[gnutls-help] Using GnuTLS with an HSM

[Horst Freiburger]

I had a private conversation with Nikos. We decided to put this an the mailing list. Here a the results so far. The rest will be treated here...
 
----------------------------------------
The conversation so far:

 Hello Nikos!

No. That is a good idea! Maybe someone in the near future has the same problem, because of the TR-03109 in germany will very important for the german "Energiewende". What should i do, so that this conversation will appear on the mailing list?

Today i analysed this flow-chart a secound time and it seems to be like the standard-tls-handshake (except the thing with the HSM). The HSM has to do 5 steps in this handshake:

1. generate the random number ("ClientHello" - this step is solved with gnutls_handshake_set_random())
2. generate a Client-DH-EC-keypair for the DH-key-exchange while the handshake ("ClientKeyExchange")
3. calculate the pre-master-secret with the private Client-DH-Key and the public Server-DH-Key
4. calculate the signature of the All-Clients-Messages-Hash
5. verify the signature of the All-Servers-Message-Hash


Is there a way (except of direct changing the sourcecode) to manipulate the gnutls_handshake()? (Something like overwriting the whole handshake with my own functions, where i can call the security-module-things. Or to redirect the relevant function-calls in the real gnutls_handshake() to my functions) The HSM for TR-03109 doesn't exist neither. So i want to do something like write this function-prototypes in my program:
RANDOMUMBER hsm_generate_randomnumber (); (for step 1)
DH_CLIENT_PUBKEY hsm_generate_dhec_keypair (); (for step 2)
DH_PMS hsm_generate_pms (DH_SERVER_PUBKEY); (for step 3)
SIG hsm_generate_signature (HASH); (for step 4)
BOOL hsm_verify_signature (HASH, SIGNATURE); (for step 5)
The Prototypes may differ in the final version. Just an example.

An example:
In the sourcode of lib\gnutls_handhshake.c in the function static int_gnutls_send_client_hello (gnutls_session_t session, int again) something like this happenens when called:
if(funktionPointerToHsm_generate_randomnumber != NULL)
{
// call function and get the random number from there
}
else
{
// do the normal way and calculate the random number with the gnutls functions
}

Similar at the other steps. (I know that for the step 1 this way is not required because if gnutls_handshake_set_random(), but i just found the right position in the sourcecode to explain.)

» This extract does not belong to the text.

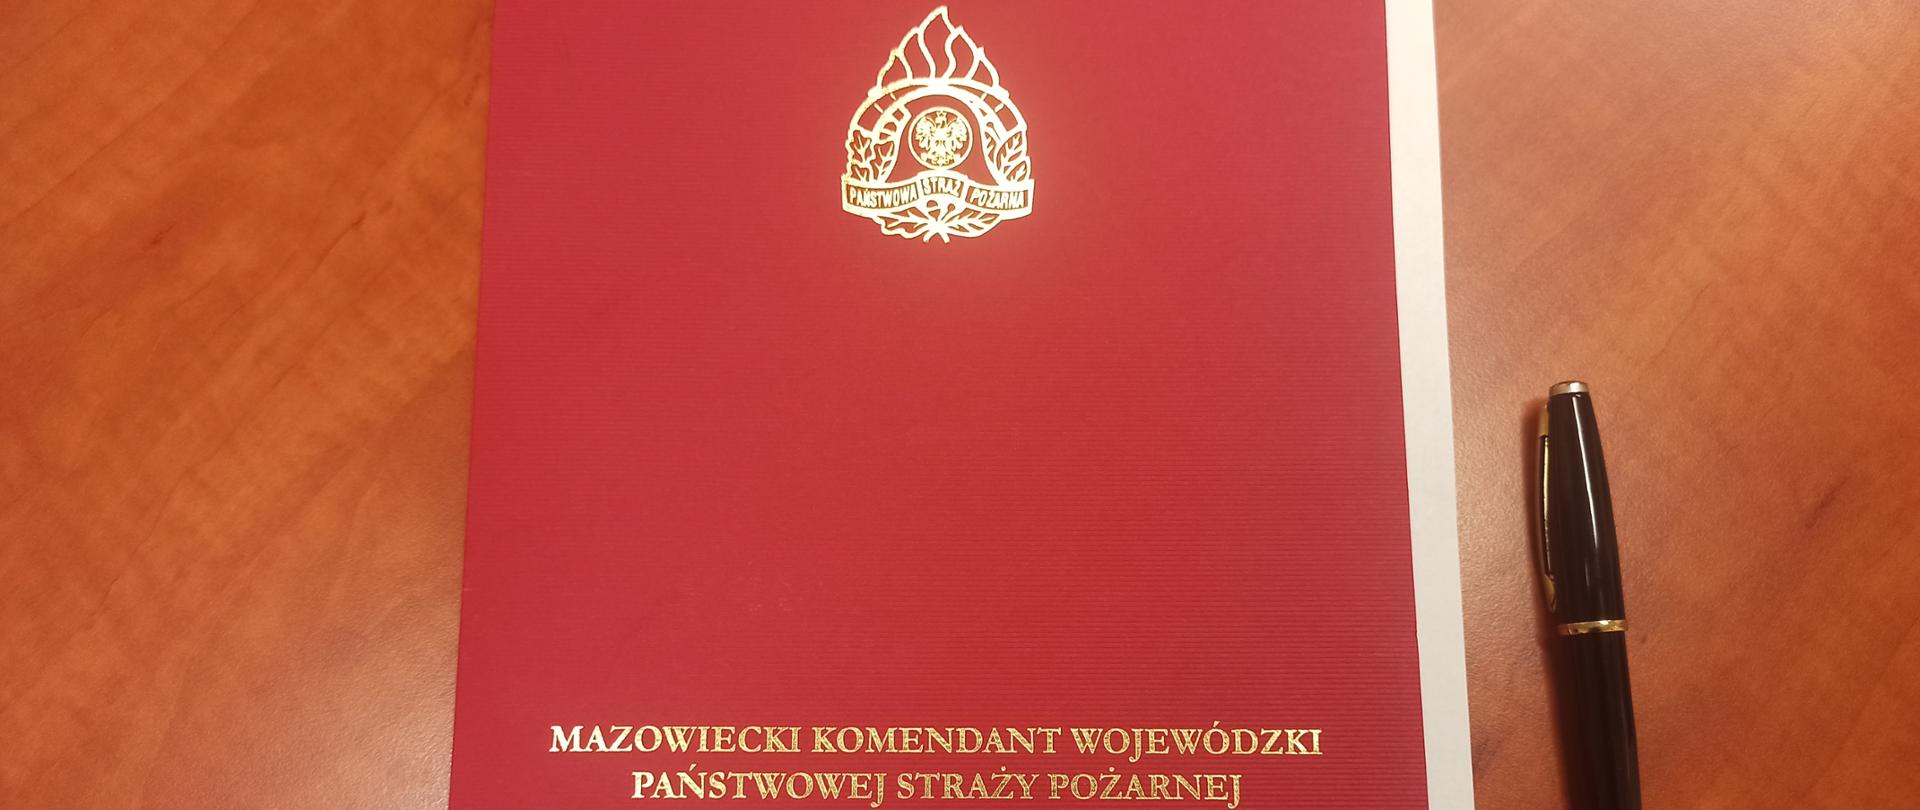 Na zdjęciu okładka w której przesłano rozkazy Mazowieckiego Komendanta Wojewódzkiego PSP o przyznaniu nagród funkcjonariuszom KM PSP w Warszawie

I read that you added a gnutls_handshake_set_hook_function() to GNUTLS. Maybe that is the right thing for my problem and that does exactly what i discribed above. But i'm not familiar with the gnutls_handshake_set_hook_function()-function yet. (Just startet with GNUTLS 3 days ago). ;)

Sorry for the german document TR-03109. If you want i could post a english translation of this picture.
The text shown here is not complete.